This is not true. Raid5 has the same problem with "you must write a unit of x
at once" that SSD have. If I've got a 64K chunk size on your raid5, assuming
that the disk has been written to, if you are writing a whole 64K chunk, you
are good. but if I'm writing a 32K chunk to a stripe that already has data
(and you have the same 'I wrote the data and deleted it but maybe my
underlying block doesn't know that it's deleted' problem you have with ssd)
you need to read all the data in that chunk you want to keep, recalculate
parity (the fast part) and then write that whole 64K chunk back out.

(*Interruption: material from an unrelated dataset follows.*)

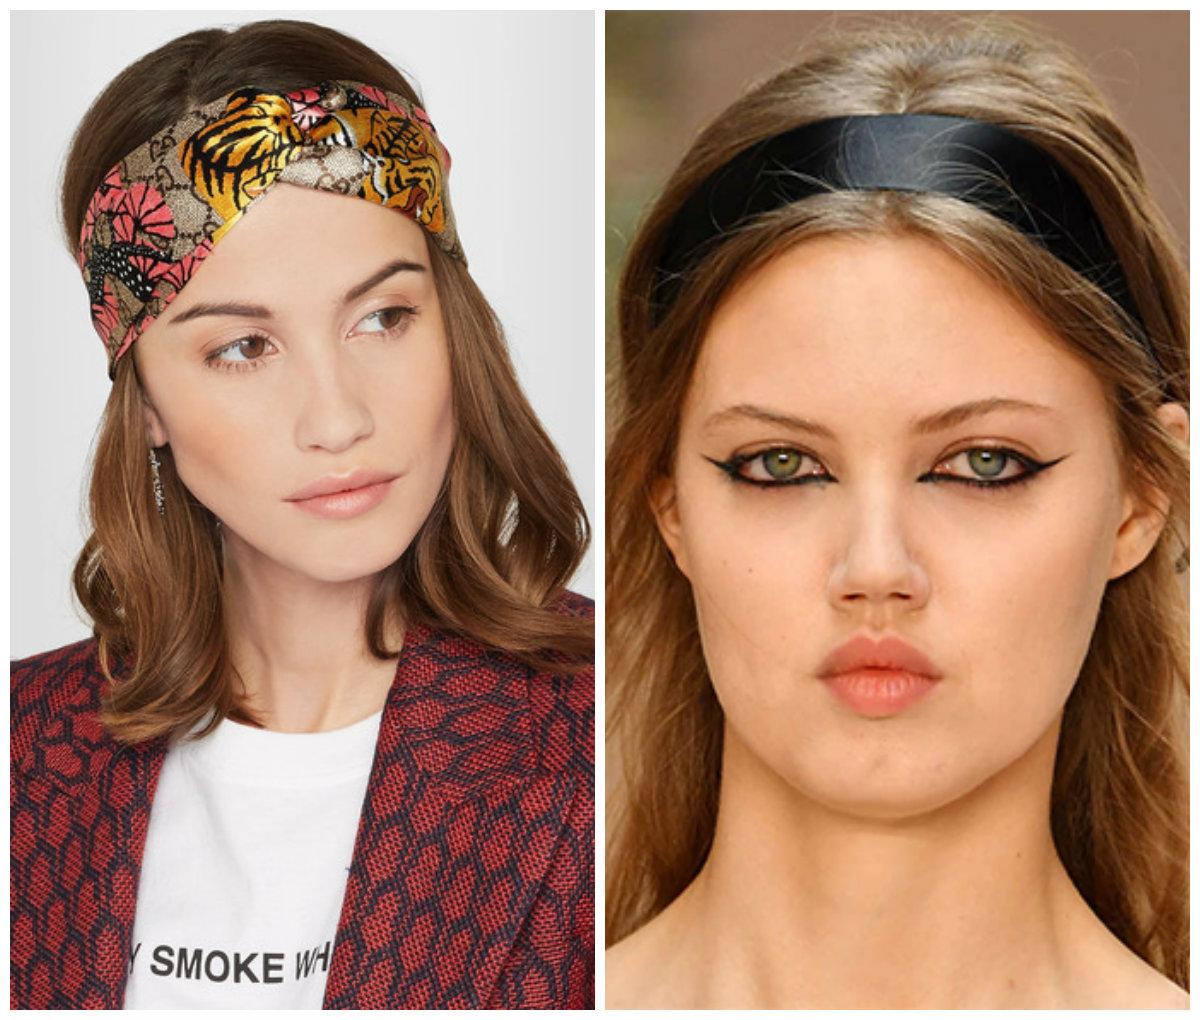 penteados da moda 2018, bandana de satim

It really
is a lot like the problems you have with SSD, raid or no, only you have more
choice over the chunk size when building the array.

All that said, I have also managed a lot of raid5 on spinning disk in my
day... it absolutely screams for read-only workloads, and write back caching
can usually mitigate the write amplification issues (of course, adding in more
data consistency issues when you lose power) and while yeah, there is danger
of losing a few sectors during rebuild, people also leave the hardware write
back caches enabled on their disks. Given the choice, I'd trust data on a
raid5 over data on disks with write-back cache enabled in your typical
'unexpected power loss every three years' situation. Either way, technically,
yeah, it's not 100% safe, but most of the time it's good enough if you need
the performance per dollar.